In 2021, Rogers secured a $19-billion bridge loan from New York-based BofA Securities to pay for its planned takeover of Shaw. Rogers paid fees on the facility and other loans for two years before the deal closed.

Rogers did not disclose specifics on how it will fund the MLSE purchase, but did say the transaction will not affect the company’s debt leverage. Rogers also said outside investors – wealthy individuals and institutions – are expected to be part of the final financing package. In a report, analyst Tim Casey at BMO Capital Markets said: “Our initial assumption is that the private investors will acquire an economic interest but cede voting control to Rogers.”

In an interview on Wednesday, Rogers chief executive officer Tony Staffieri said the final structure of the financing for the MLSE purchase will depend on Rogers’ balance sheet when the deal closes, as the company expects to aggressively pay down debt while seeking approval for the transaction.

Why BCE was forced into selling its MLSE stake to arch-rival Rogers

Telecom company Quebecor Inc. QBR-B-T also struck a “trust me” deal, with no conditions on financing, when it agreed to buy cellphone service Freedom Mobile for $2.85-billion in June, 2022, as part of Rogers’ takeover of Shaw. The deal closed in April, 2023.

Bell initiated the sale of its MLSE stake by reaching out to Rogers earlier this year and banking sources said Bell is clearly comfortable with its rival’s finances. Rogers has been steadily paying down debt since acquiring Shaw.
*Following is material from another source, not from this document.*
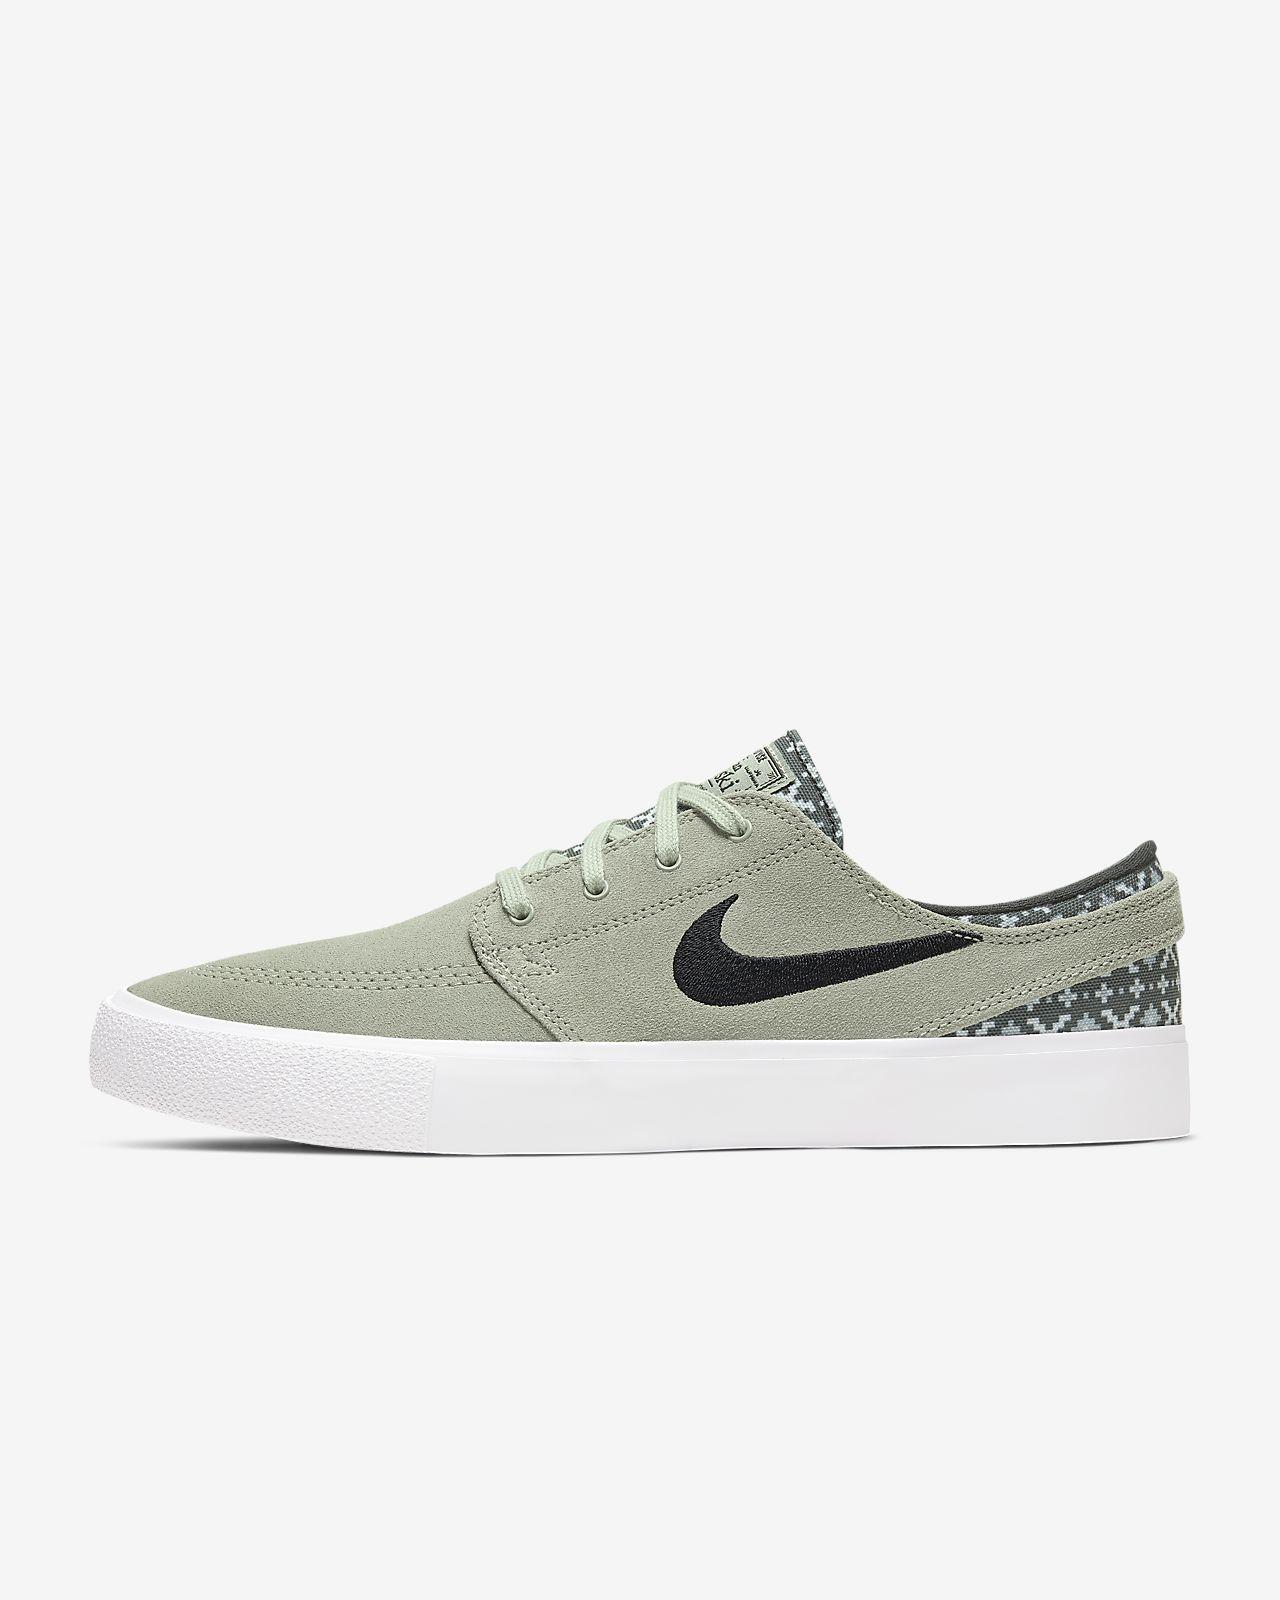 Nike SB Zoom Stefan Janoski RM Premium Sabatilles de skateboard

When the deal closed, Rogers debt hit five times its earnings before interest, taxes, depreciation and amortization or EBITDA.

In December, Rogers sold its stake in Cogeco to the Caisse de dépôt et placement du Québec for $829-million and used the money to pay down loans, lowering its debt-to-EBITDA ratio 4.7 times.

Rogers expects to generate free cash flow of $2.9-billion to $3.1-billion this year, and will use this money plus cash from the planned sales of real estate and its data centres business to pay down debt.

Rogers’ debt will drop to 4.6 times EBITDA by the end of 2025, after paying for MLSE, according to analyst Drew McReynolds at RBC Capital Markets in a report on Thursday. Mr. McReynolds said if Rogers didn’t purchase the MLSE stake, its debt ratio would drop to 4.3 times EBITDA.

Rogers looked to law firm Davies Ward Phillips & Vineberg LLP on the MLSE purchase, while lawyers at Blake, Cassels & Graydon LLP advised Bell.